Virtual Education in the Times of Covid-19: Seminar in Memory of José María Antón

This post is also available in: Español 

Panelists Main Photo: Lucélia Ribeiro, Children at school. Flickr. Adapted to black and white and blue wash.

On April 7, the Education Program hosted a webinar to reflect on the legacy of José María Antón, the president of Virtual Educa and a visionary leader who sought to improve educational outcomes through technology, and to discuss the digital educational opportunities during the Covid-19 crisis. This virtual panel featured Jorge Antón Jornet, the brother of José María Antón and a manager at Virtual Educa; Eugenio Severín, the executive director of Tu Clase, Tu País; Elena García, programming director of Virtual Educa; Martha Castellanos, academic vice-chancellor of the Fundación Universitaria del Área Andina; and Fernando Valenzuela, a manager at the Global Impact EdTech Alliance. This seminar was moderated by Ariel Fiszbein, the program director of the Education Program at the Inter-American Dialogue.

The current world crisis has brought to the forefront the discussion surrounding the capacity to develop virtual education in Latin America. Jorge Antón Jornet began by remembering his brother as someone who believed that, “in this world, anything and everything is possible”. José María Antón was a pioneer in his vision for virtual education and dedicated his life to promoting a better education system in countries around the world.
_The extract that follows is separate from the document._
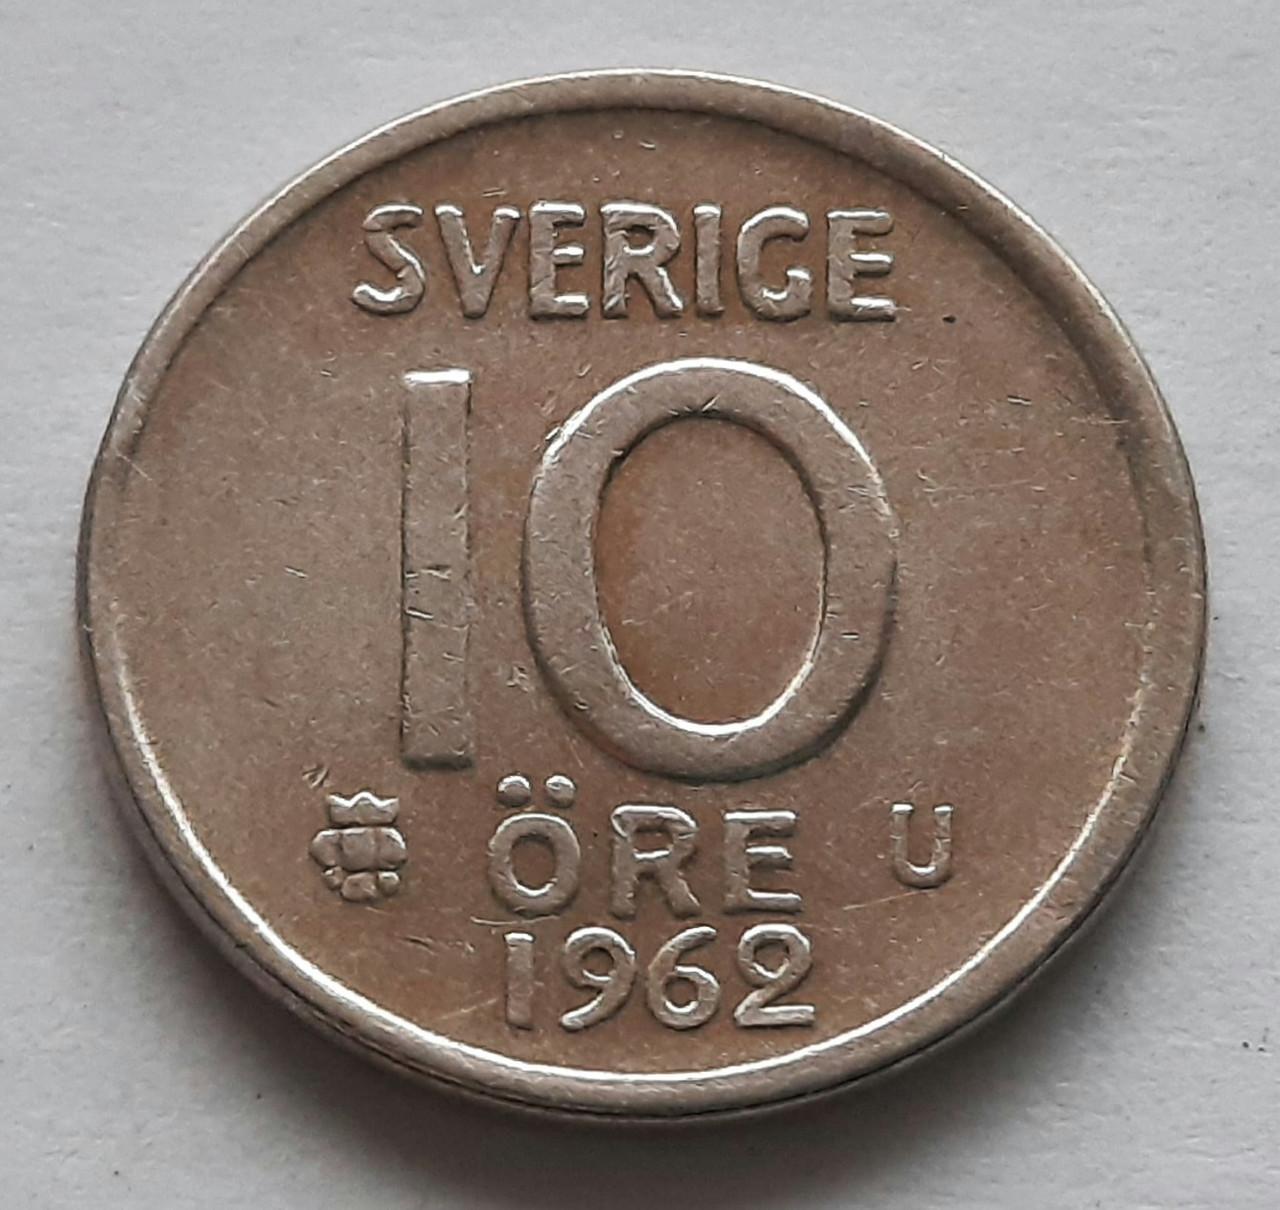 Швеция 10 эре 1962 Серебро
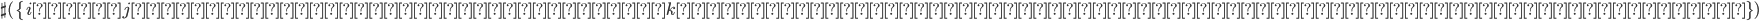 \sharp(\{iからj番目までのブロックのうちk番目のブロックが初めに取り出される取り出し方全体\})

While traveling throughout Latin America and working with a variety of governments, teachers, and businesses, Antón did everything he could to give a voice to education in the region. Eugenio Severín recalled that Antón’s dream was to create an education system that is more democratic and inclusive of all students, especially those from rural areas.

Martha Castellanos remembered the strength with which Antón envisioned, “all of the possibilities that virtual education had in breaking social and economic gaps” which has stayed with her throughout her professional career. In relation to the current crisis, the panelists stressed that the challenge is two-fold: on the one hand, the need to develop and introduce new virtual platforms that can reach all the students that need it and on the other hand, to reduce the inequality between Latin American students. In the next few months, for urban and rural areas with less internet connection, it will be difficult to provide the same quality of education. The challenge is to not only expand coverage, but also provide quality education that has a transformative power that can develop human capabilities and where teachers can create disruptive learning models that develop soft skills through a new way to approach learning.

Severín argued that apps like WhatsApp, Facebook, and Instagram present opportunities to expand the way we use technology in education. However, Fernando Valenzuela cautioned that there is not one single option that can help students and schools during this time, and we must create a balance between virtual platforms, television, radio, study guides, and other teaching systems. This led to a discussion of the different ways to integrate technology into education in areas with low connectivity that were introduced in the document Transforming the learning experience through the use of educational technology: Challenges and Opportunities in Latin America, which was developed by the Dialogue's Education and Innovation Working Group.

Collaboration between different actors across the public and private spheres is essential to creating these digital spaces where teachers and students meet. A challenge, according to Castellanos, is "how to work with sectors of the economy that did not communicate ... and invite them to transform and make education a reality through virtual means and tools." Valenzuela explained that education is a complex system with many stakeholders and components that do not belong to only one country or institution, so everyone should collaborate with the same goals in mind when designing a virtual education system. Through public-private partnerships, we can integrate a new reality with the goal of comprehensive, quality education that prepares students for the challenges of today's world.

The seminar concluded with a discussion of the future of virtual education over the following months and years. Elena García emphasized the power of this virtual education, especially in this time of crisis, to redefine the educational system and reach a place we could not reach with traditional education.